> **The data**:
__________________________________________________
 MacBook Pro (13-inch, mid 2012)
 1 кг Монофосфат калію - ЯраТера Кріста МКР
__________________________________________________
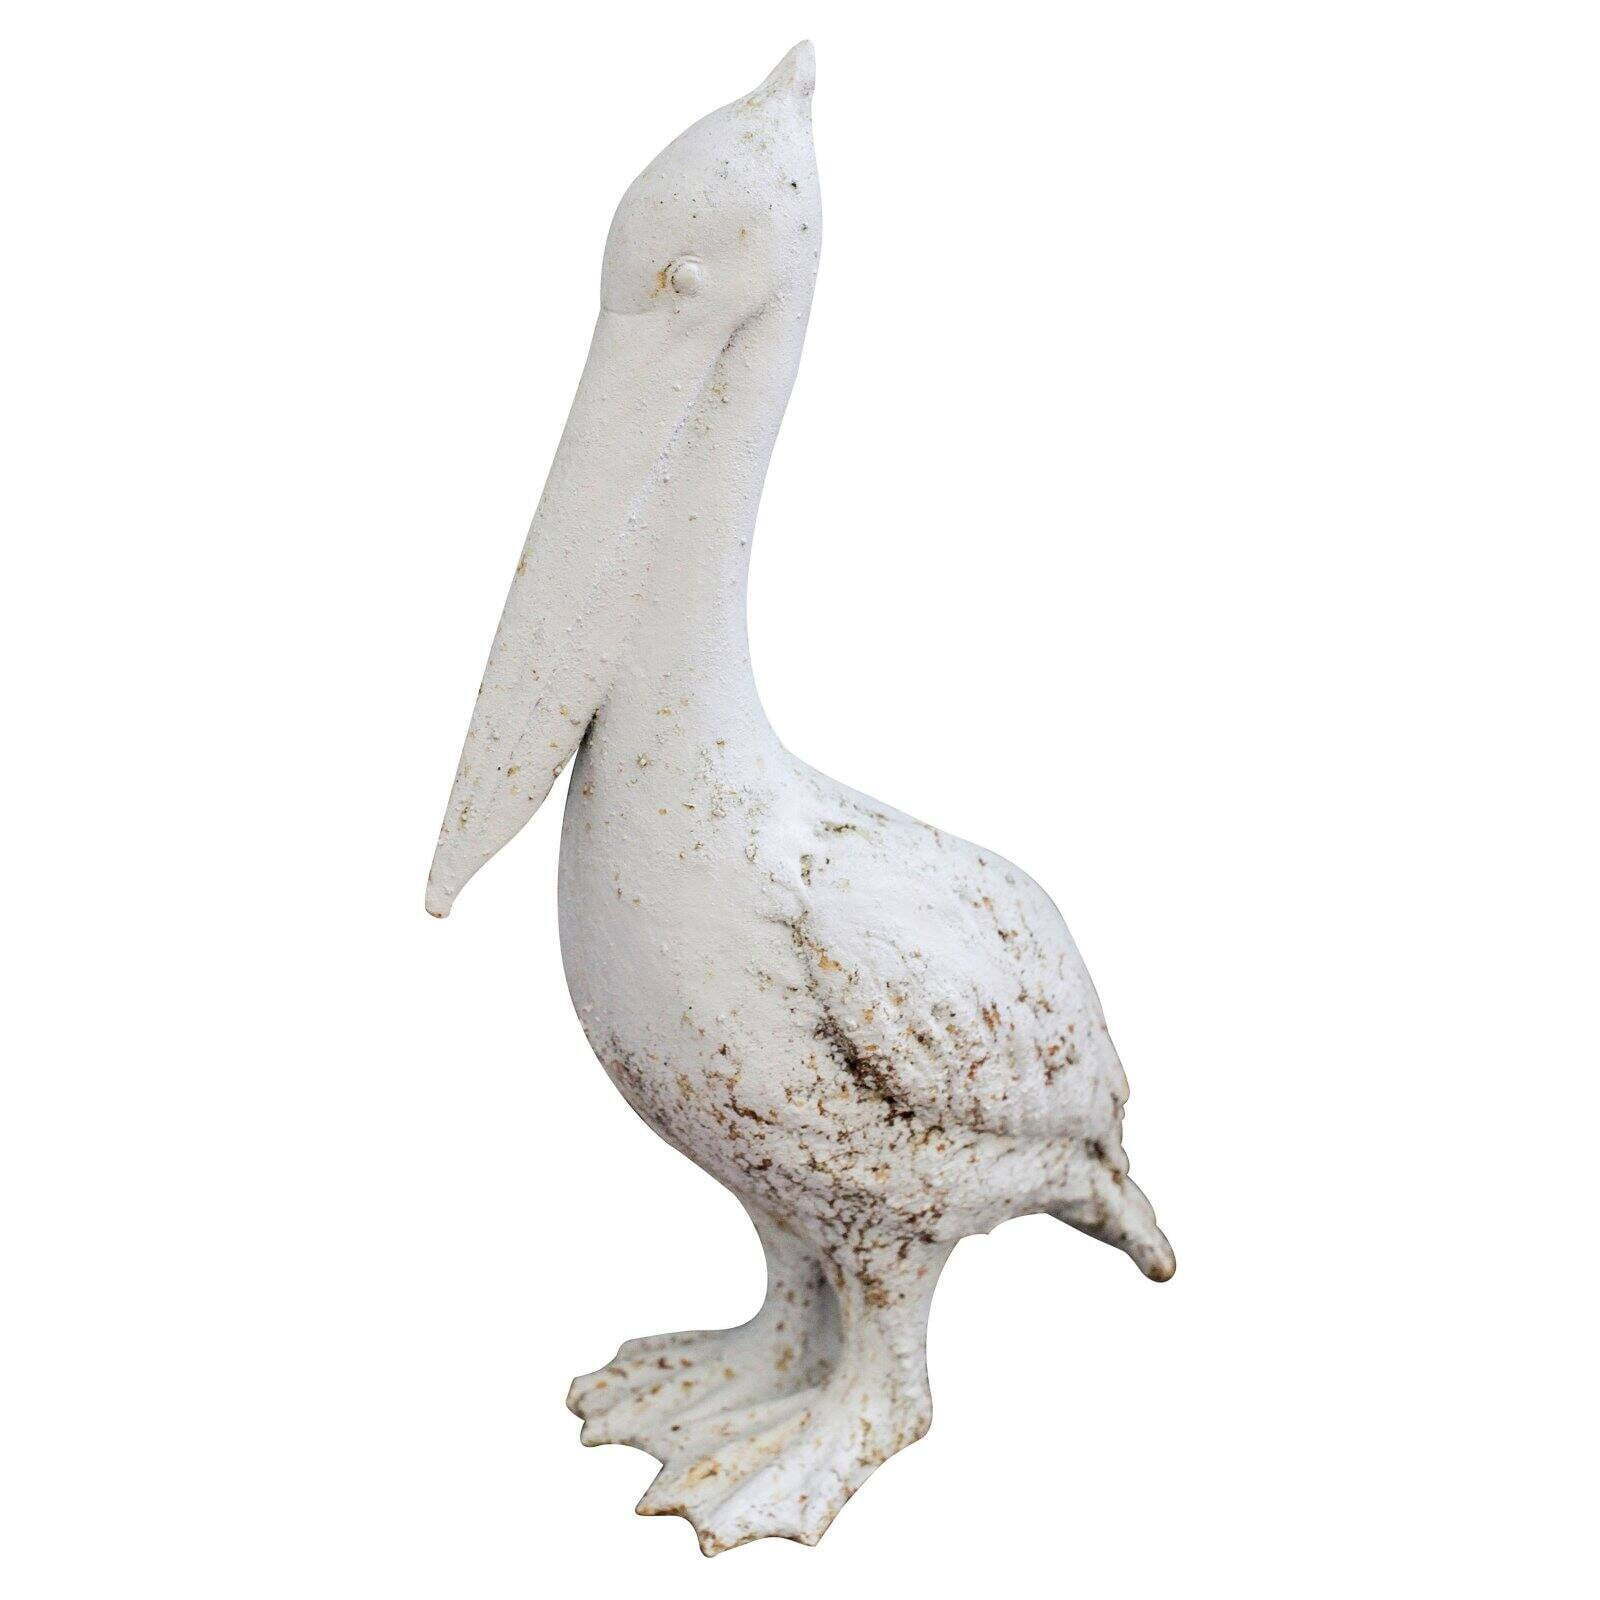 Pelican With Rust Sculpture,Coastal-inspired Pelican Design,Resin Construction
__________________________________________________
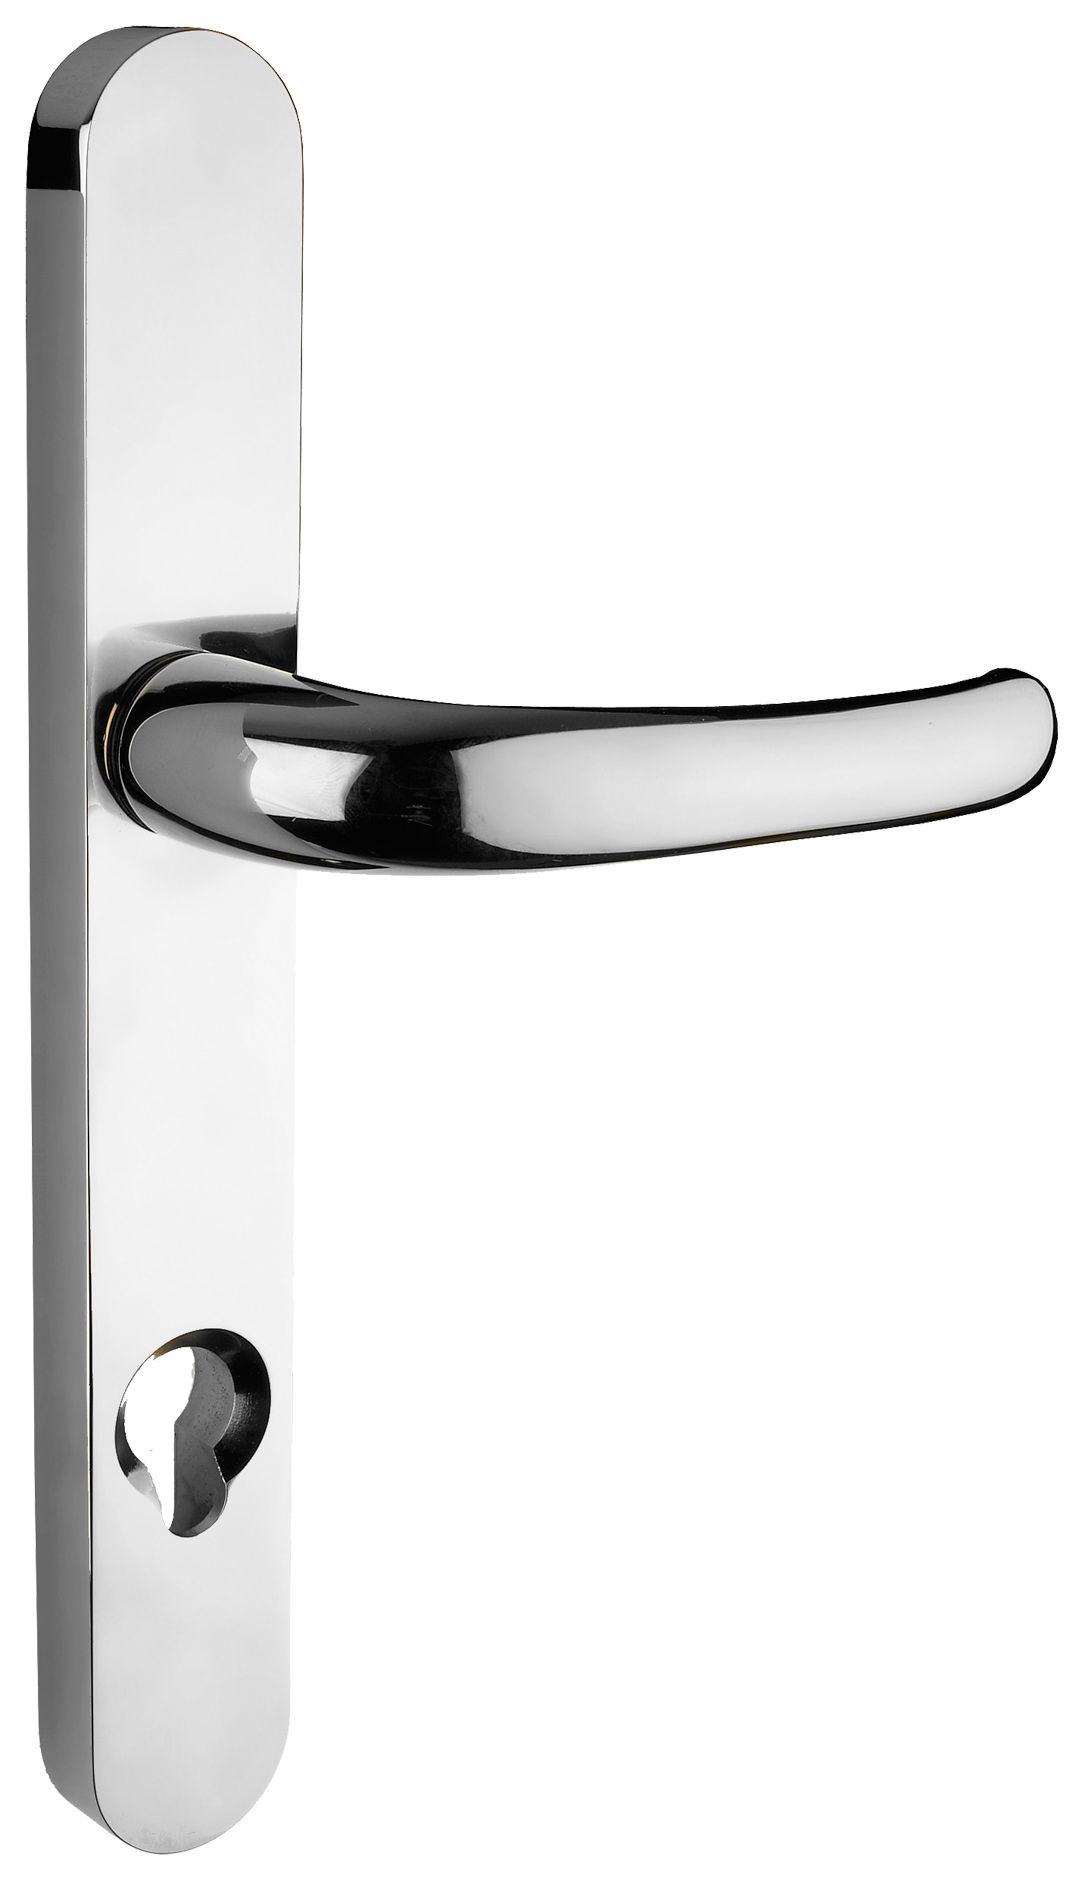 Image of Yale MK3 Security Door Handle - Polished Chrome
__________________________________________________
> **Task directions**:
Would you output, from the records above, exactly the run of lines that starts at the line containing "MacBook Pro (13-inch, mid 2012)" and ends at the line containing "1 кг Монофосфат калію - ЯраТера Кріста МКР", and only that run?

> **Answer space**:
 MacBook Pro (13-inch, mid 2012)
 1 кг Монофосфат калію - ЯраТера Кріста МКР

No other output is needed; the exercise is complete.